I am working on a small script which uses bufio.Scanner and http.Request as well as go routines to count words and lines in parallel.
package main
import (
"bufio"
"fmt"
"io"
"log"
"net/http"
"time"
)
func main() {
err := request("http://www.google.com")
if err != nil {
log.Fatal(err)
}
// just keep main alive with sleep for now
time.Sleep(2 * time.Second)
}
func request(url string) error {
res, err := http.Get(url)
if err != nil {
return err
}
go scanLineWise(res.Body)
go scanWordWise(res.Body)
return err
}
func scanLineWise(r io.Reader) {
s := bufio.NewScanner(r)
s.Split(bufio.ScanLines)
i := 0
for s.Scan() {
i++
}
fmt.Printf("Counted %d lines.
", i)
}
func scanWordWise(r io.Reader) {
s := bufio.NewScanner(r)
s.Split(bufio.ScanLines)
i := 0
for s.Scan() {
i++
}
fmt.Printf("Counted %d words.
", i)
}
As more or less expected from streams scanLineWise will count a number while scalWordWise will count zero. This is because scanLineWise already reads everything from req.Body.

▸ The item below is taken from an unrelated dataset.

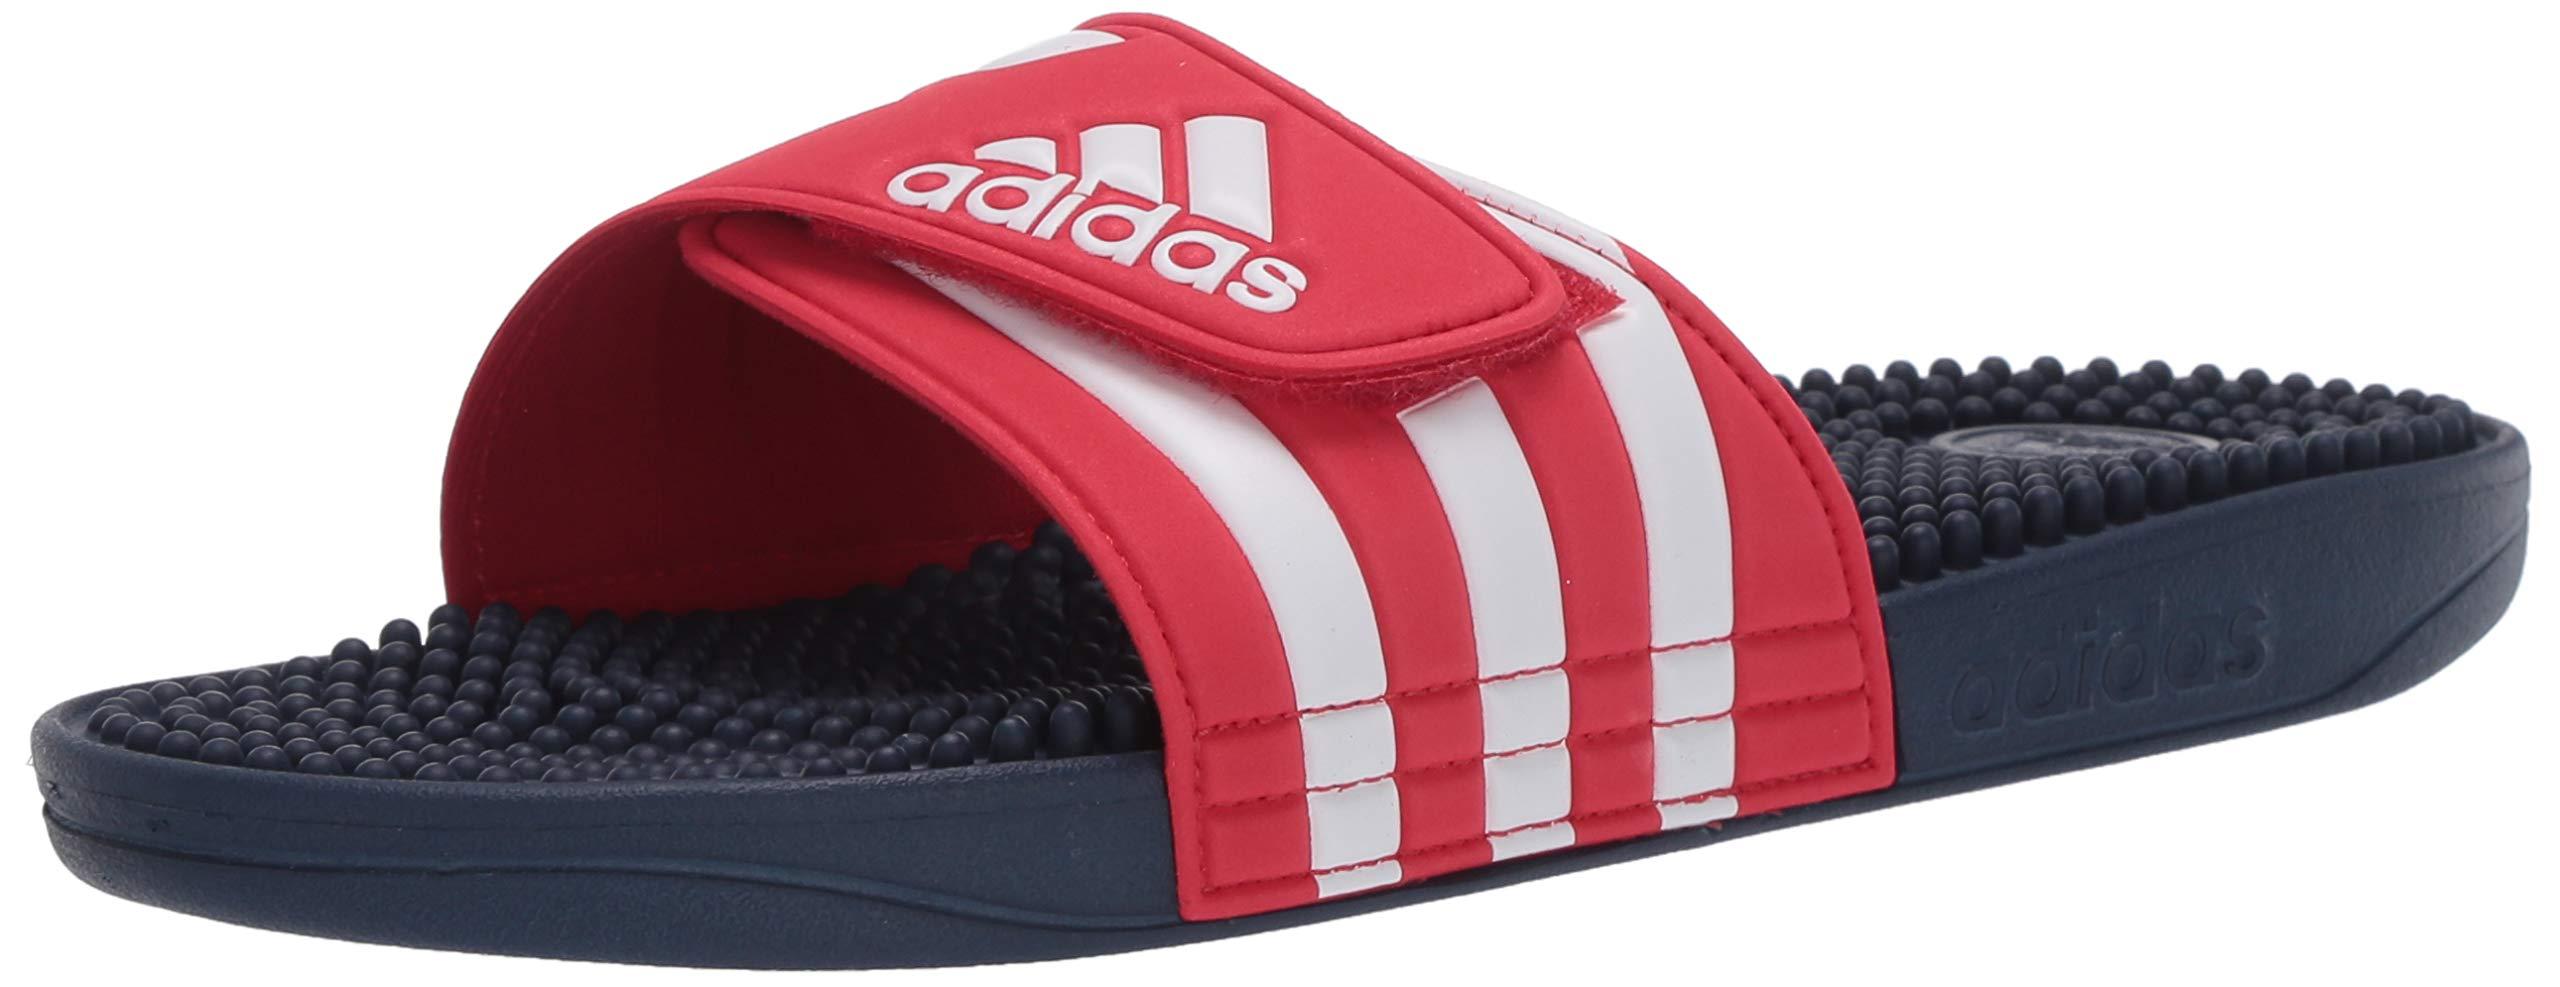 adidas 's Adissage Slide Sandal in Red | Lyst
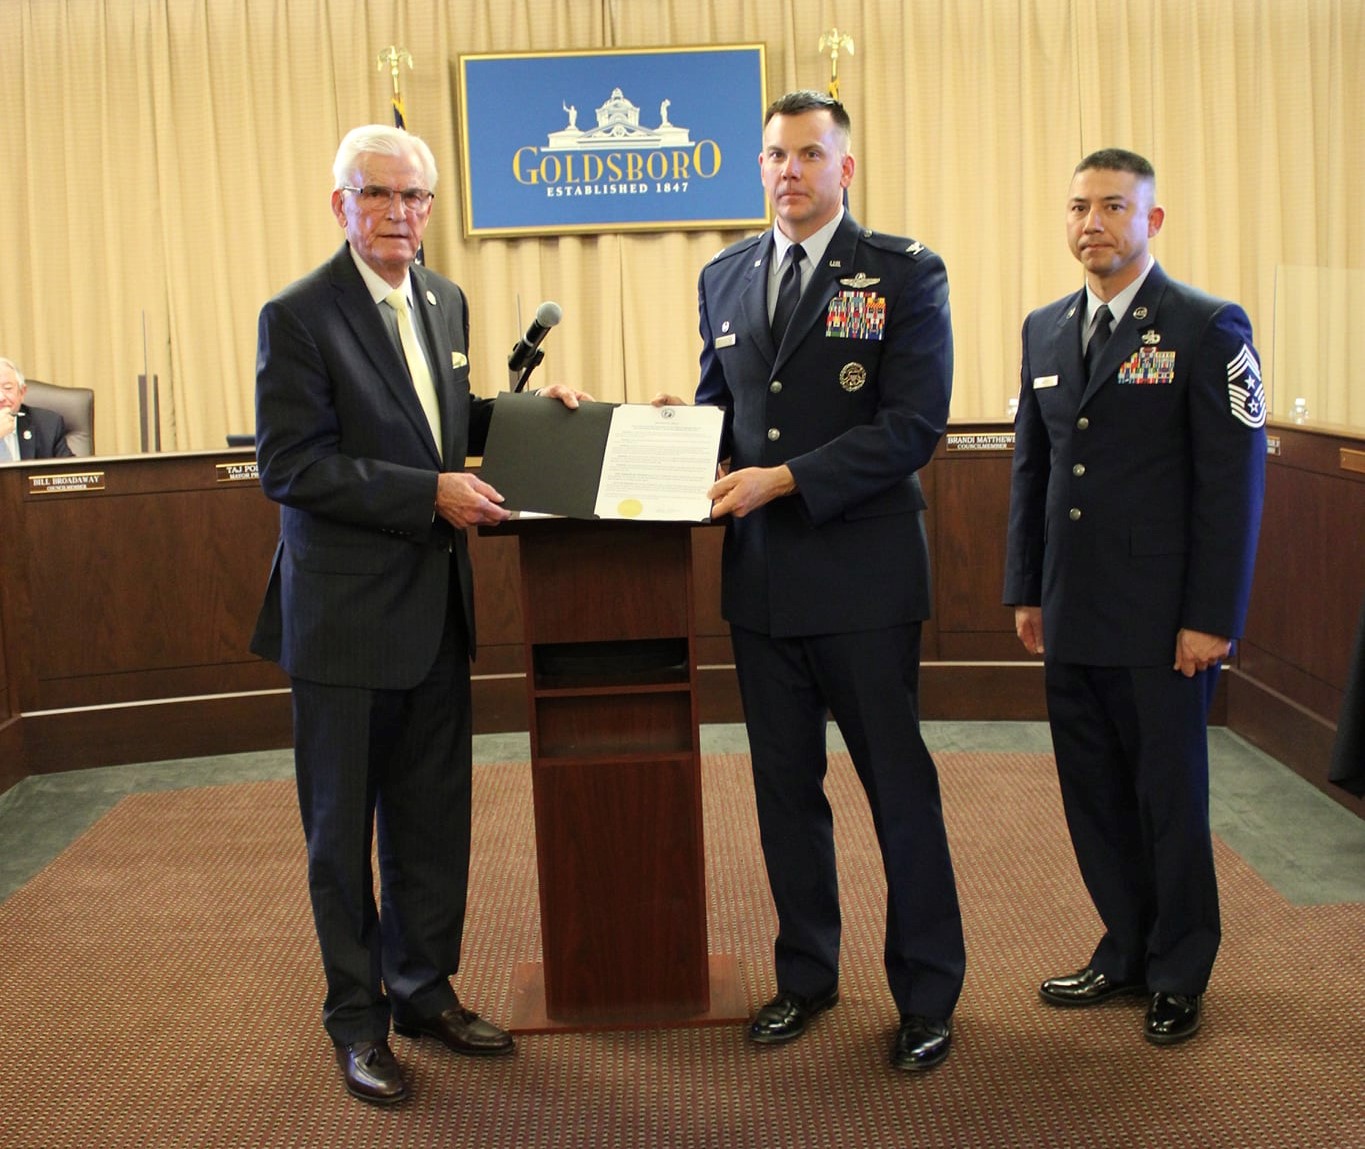 Goldsboro City Council Pledges Support For Ukraine And The Men And Women Of SJAFB

I would know like to know: How to solve this elegantly?
My first thought was to build a struct which implements io.Reader and io.Writer. We could use io.Copy to read from req.Body and write it to the writer. When the scanners read from this writer then writer will copy the data instead of reading it. Unfortunately this will just collect memory over time and break the whole idea of streams...